Well done SETU Music School on its huge contribution to the arts in the Déise
View from the Green Room: Take a bow Mr Scanlon!

Stephen Mackey, Metropolitan Mayor Joe Kelly, Pamela Harrison and composer Dr Greg Scanlon.

REVIEW: South East Technological University Concert at St Patrick’s Gateway Centre

SETU’s multiple musical courses combine at the end of each year to produce a top-class concert that celebrates the music school that began way back in the seventies in the old WRTC.

Individual instrument tuition that lead to grade achievement, music theory, choirs, orchestras and performance all play out over the course of the academic year and it’s a delight to sit in on these talented performers on a fine summer’s evening at St.

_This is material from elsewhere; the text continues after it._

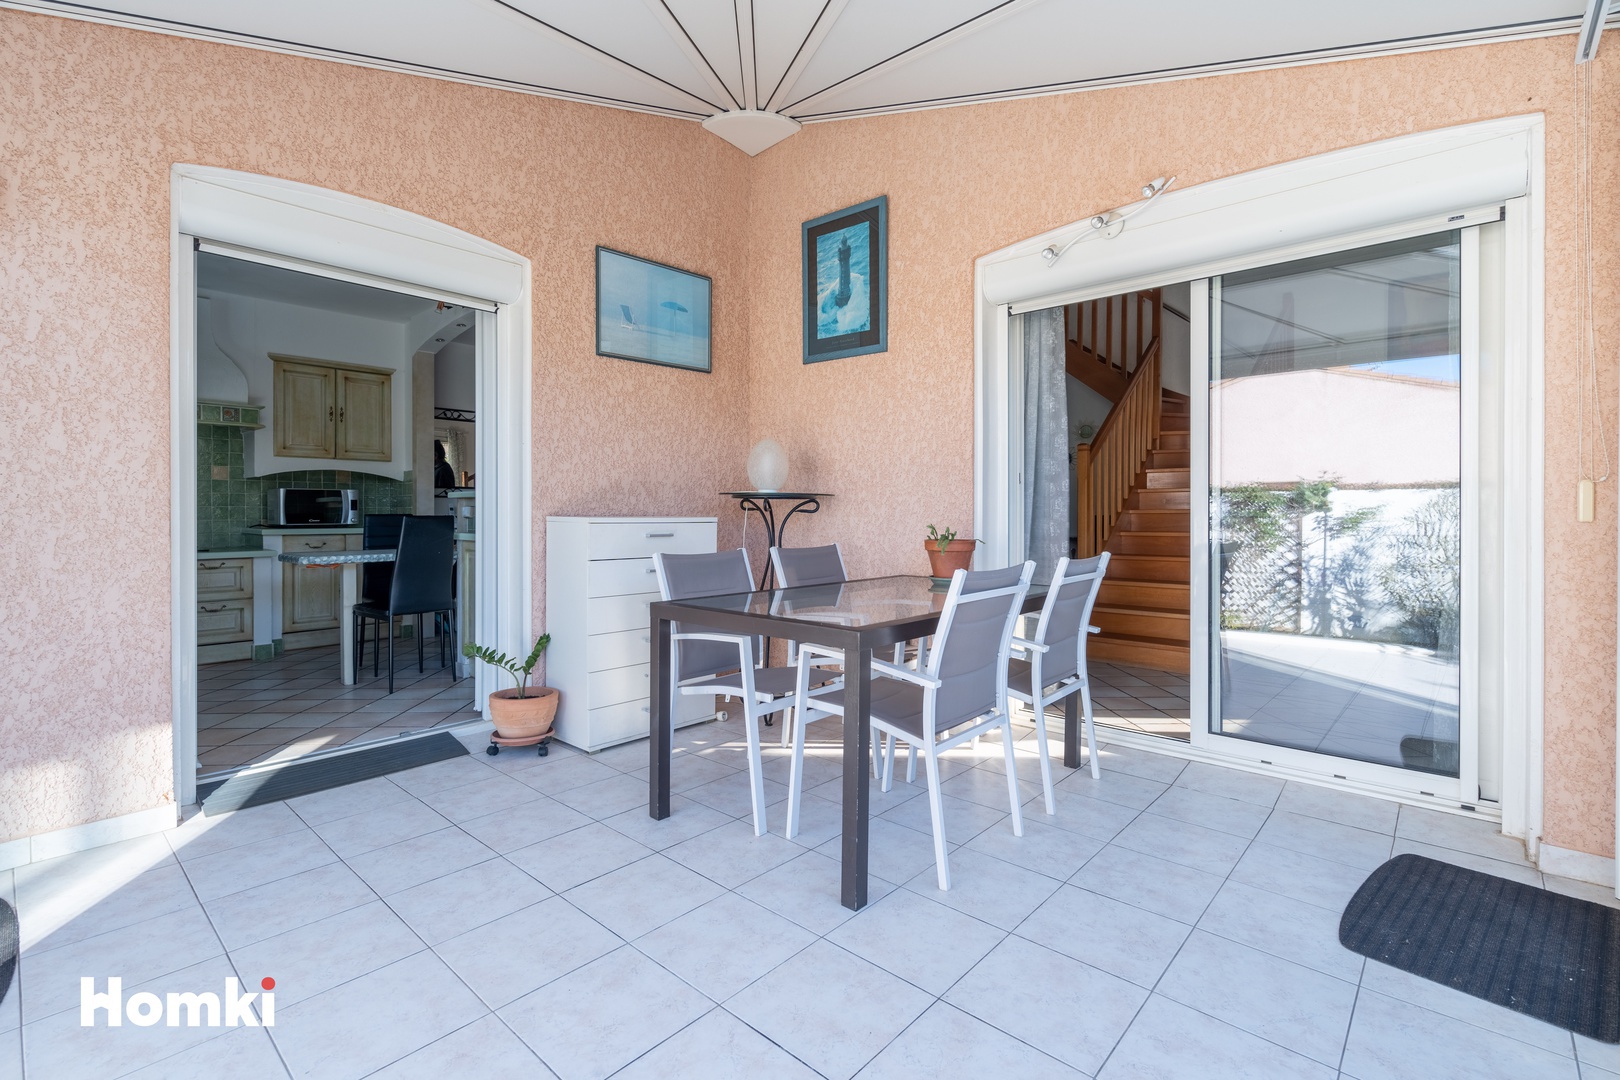 Homki - Vente Maison/villa  de 130.0 m² à Agde 34300

Patrick’s Gateway Centre.

A feature of the evening is that the MC’s role is shared with the performers of the various orchestras, who each get to introduce their pieces.

The SETU Traditional Orchestra kicks off with a ballyhoo of an opening set. 

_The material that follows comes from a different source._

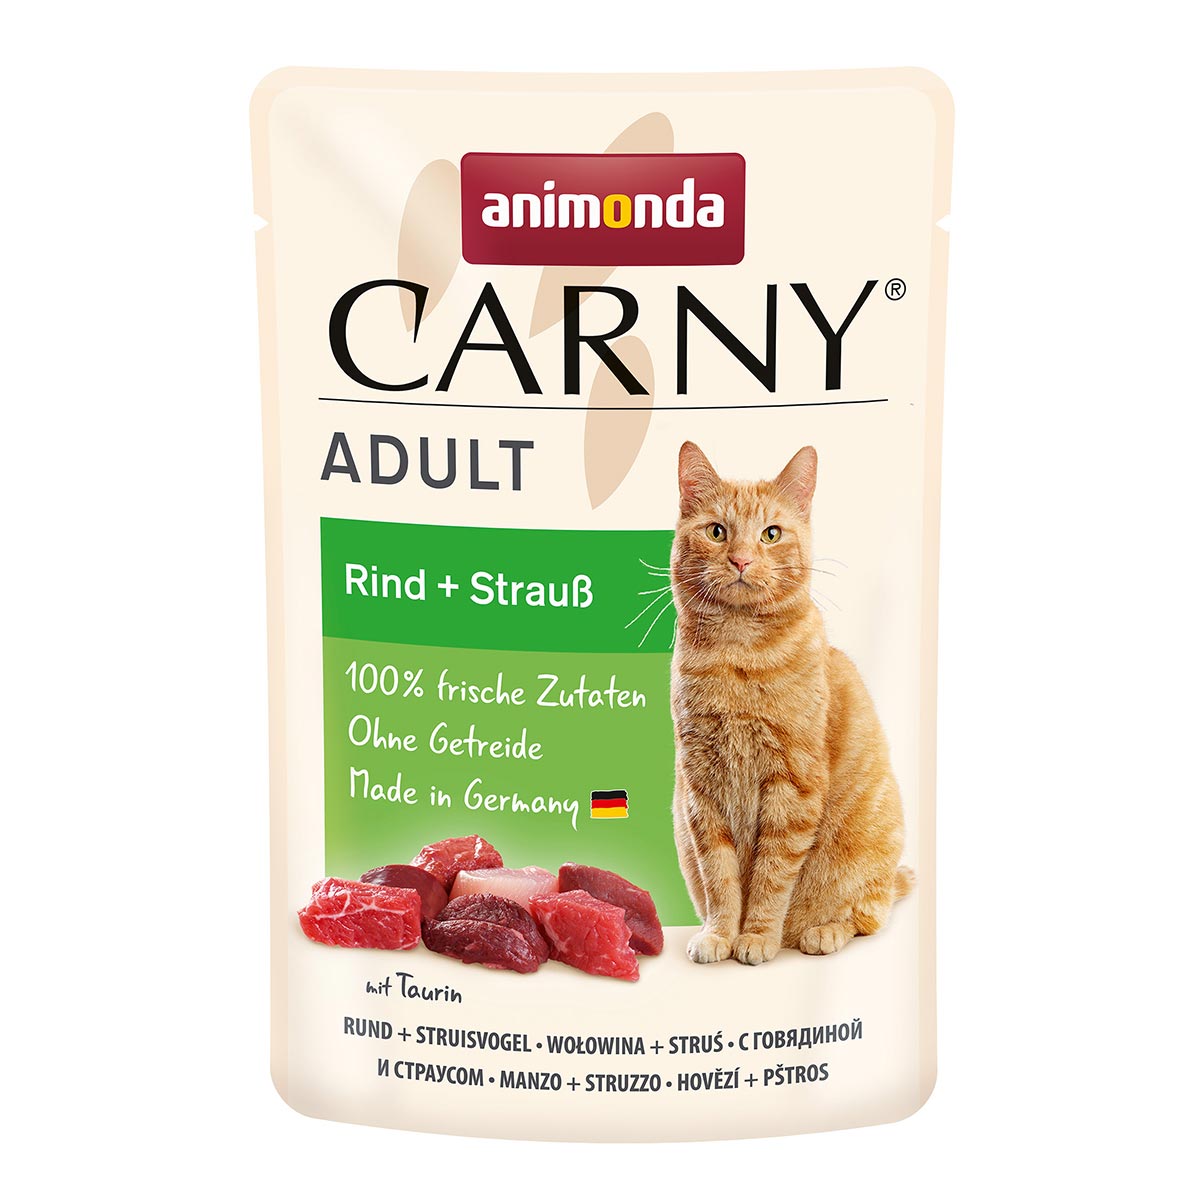 animonda Carny Adult Rind + Strauß 24x85g

Carolan’s Captain Sudley opens with a gentle march over a tuneful counter melody. When the flutes hit the melody, the composition just flies. That’s the beauty of Carolan - he always keeps something in reserve. 

A North Star jig is flighty and lively with a lilt to the piece that’s full of joy that reminds me of Keats’ famous line on that bright star: “Would I were as constant as thou art”. 

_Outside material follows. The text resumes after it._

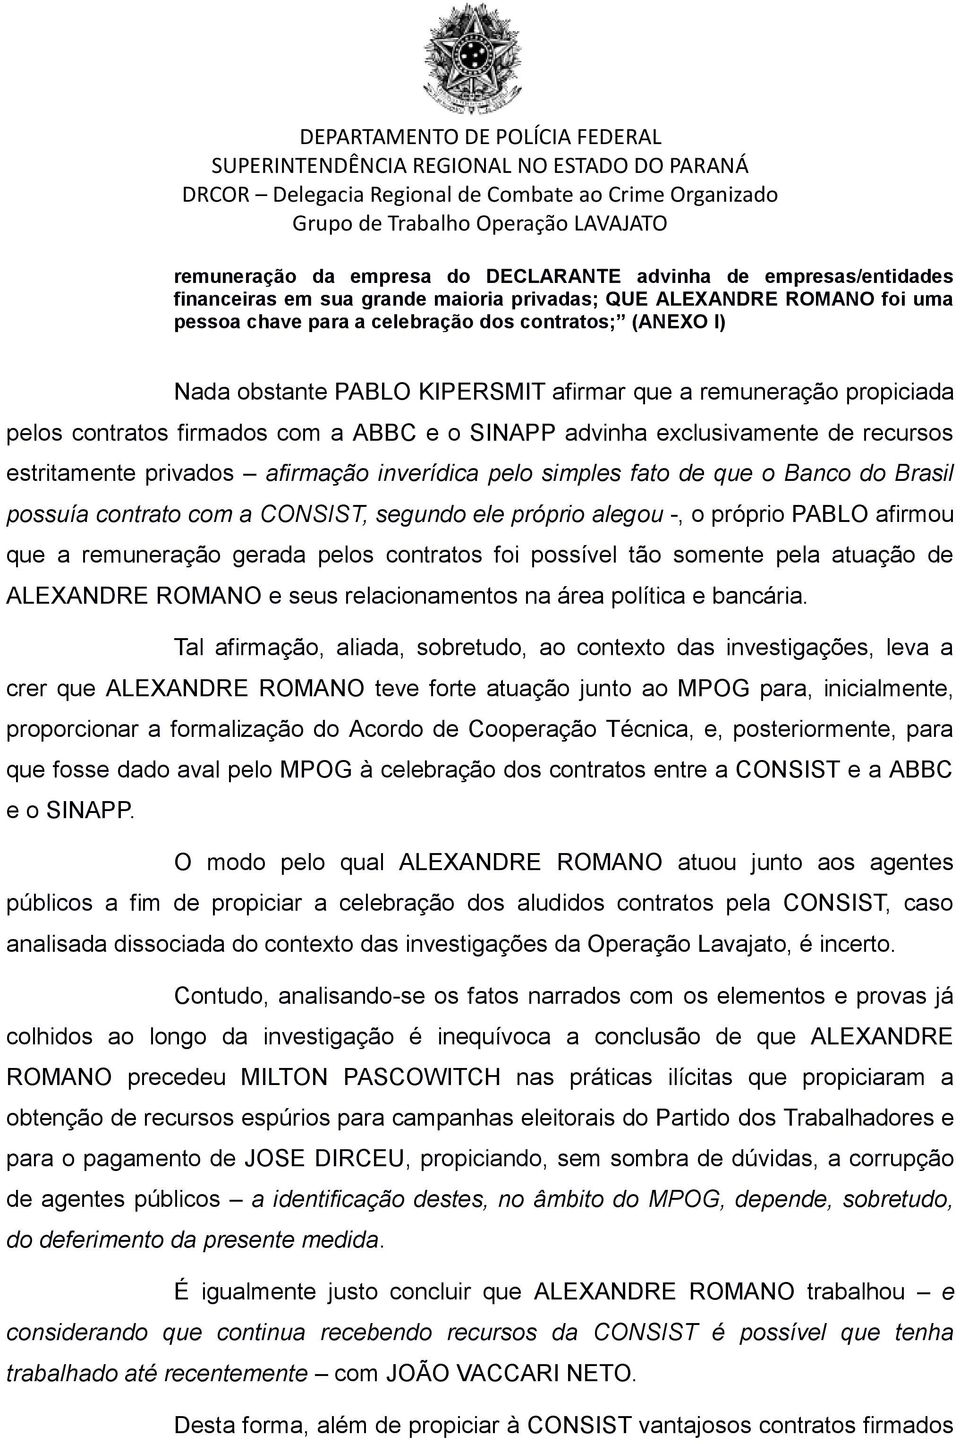 simples fato de que o Banco do Brasil possuía contrato com a CONSIST, segundo ele próprio alegou -, o próprio PABLO afirmou que a remuneração gerada pelos contratos foi possível tão somente pela

The Ashplant and John Stenson’s Reel has a piano introduction that reminds me of my old friend Mícheál Ó Súilleabháin’s work and segues into a real footapper of an ending.

The SETU Guitar Ensemble cuts a fine swathe with a scoobedoo if ever there was one on Duke Ellington’s iconic Caravan and a funky Tico-Tico no Fubo. 

The Irish Washerwomen jig is a big favourite with the full house but the Piazzolla Libertango is my favourite. 

Kayla Kissane’s pure soprano brushes the walls of the Gateway with an innocence and affection in her lullaby Seoithín Seothó – a traditional warning to faery folk to leave her child alone.

SETU main orchestra has a big treat in store for us tonight with The Gentle County, an original composition from Dr Greg Scanlon, who introduces the piece with some fascinating insights into what moves a composer’s quill. 

This time it’s an homage to the Déise – the county known as the Gentle County. 

Greg’s work is a tone poem, really – a single-movement orchestral piece that evokes a mood inspired by his experiences of the county. 

There’s a gentleness about the opening that brings feelings of home and dúchas or heritage with soft contours of county featuring on violas. 

There’s drama here too in a central section with good work from the cellos that speaks of stormy Dunmore seas or rumbling Comeraghs, maybe, before a soft, delicate progress to see us out the gap with no less than three intriguing codas.

A Brahms Hungarian dance shakes the audience out of its composure with lots of thumps on timps, rapid short and sweeping melodies with abrupt starts that inspire threats of Cossacks leppin’ over tables and gypsy wenches in knife fights. 

When MD Stephen Mackey involves the house in rhythmic claps, sure the whole place goes mad.

Nora Byrne Kavanagh’s Waterford Harbour massed finale is just the ticket for an end to a smashing concert.

Well done SETU Music School on its huge contribution to the arts in the Déise.